Il obtient l'assentiment du commandant en chef britannique Douglas Haig qui, notons-le, s'est acquis le surnom de « boucher de la Somme ».

Mais l'hiver rigoureux, avec des températures de -20°C, retarde le projet et, surtout, la Révolution de Février, en Russie, désorganise le front russe.

Le ministre de la Guerre, le général Hubert Lyautey, sceptique sur les chances de cette offensive tous azimuts, démissionne le 17 mars 1917 sans donner d'explication. Il est remplacé au ministère par Paul Painlevé. Philippe Pétain, auréolé par ses succès de l'année précédente à Verdun, ne craint pas quant à lui de faire part de son hostilité au projet à qui de droit.

Il n'empêche que, le 6 avril, un conseil de guerre présidé par Raymond Poincaré donne raison au commandant en chef. Ils sont confortés dans leur décision par l'annonce, le même jour, de l'entrée en guerre des États-Unis. Britanniques et Français engagent l'offensive dans les jours qui suivent dans les pires conditions qui soient.

Tandis que les Britanniques entreprennent de desserrer l'étreinte allemande sur Arras, le 9 avril, les Français, une semaine plus tard, lancent une offensive massive entre la Somme et l'Oise avec trente divisions sur un front de 70 kilomètres. 

Attaque du Chemin des Dames (recto), Albert Copieux, aquarelle 1917, musée d?art moderne André Malraux, Le Havre.

Échec sanglant

L'échec français est consommé en 24 heures. On n'avance que de 500 mètres au lieu des 10 kilomètres prévus. C'est en vain que les premiers chars d'assaut français (une quarantaine) essaient d'agrandir l'étroite brèche ouverte entre Craonne et Berry-au-Bac. Les pertes sont énormes : 30 000 morts en dix jours rien que du côté français.

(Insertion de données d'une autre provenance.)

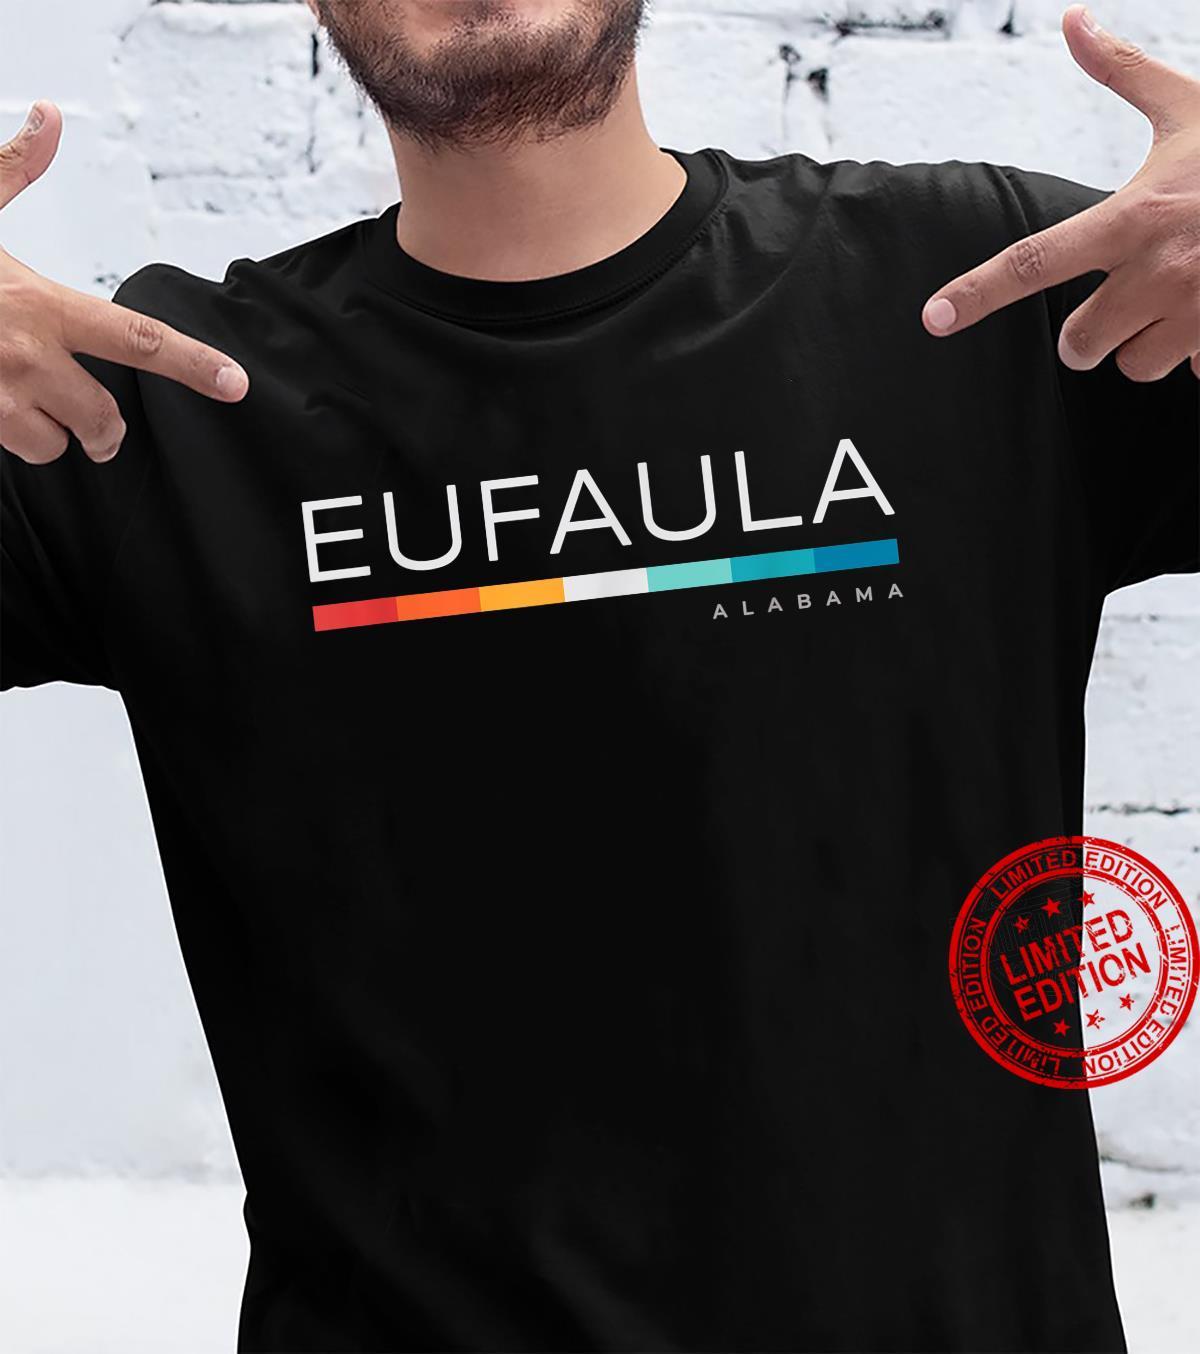 Eufaula AL Alabama Retro Design Shirt

Le général Nivelle en est tenu pour responsable. Lors de la conférence interalliée de Chantilly, en novembre 1916, il assurait à tout un chacun que cette offensive serait l'occasion de la « rupture » décisive tant attendue grâce à une préparation massive de l'artillerie qui dévasterait les tranchées ennemies en profondeur. « Je renoncerai si la rupture n'est pas obtenue en quarante-huit heures », promettait-il aussi !

Mais le lieu choisi, non loin de l'endroit où s'était déroulée la bataille de la Somme de l'année précédente, n'est pas le moins du monde propice à la progression des troupes, avec ses trous d'obus et ses chemins défoncés. D'autre part, la longueur du front ne permet pas comme à Verdun de déployer toute l'artillerie nécessaire.

Qui plus est, avant l'attaque, les Allemands ont abandonné leurs premières tranchées et construit un nouveau réseau enterré à l'arrière, plus court, de façon à faire l'économie d'un maximum de troupes : la ligne Siegfried, surnommée ligne Hindenburg par les Français.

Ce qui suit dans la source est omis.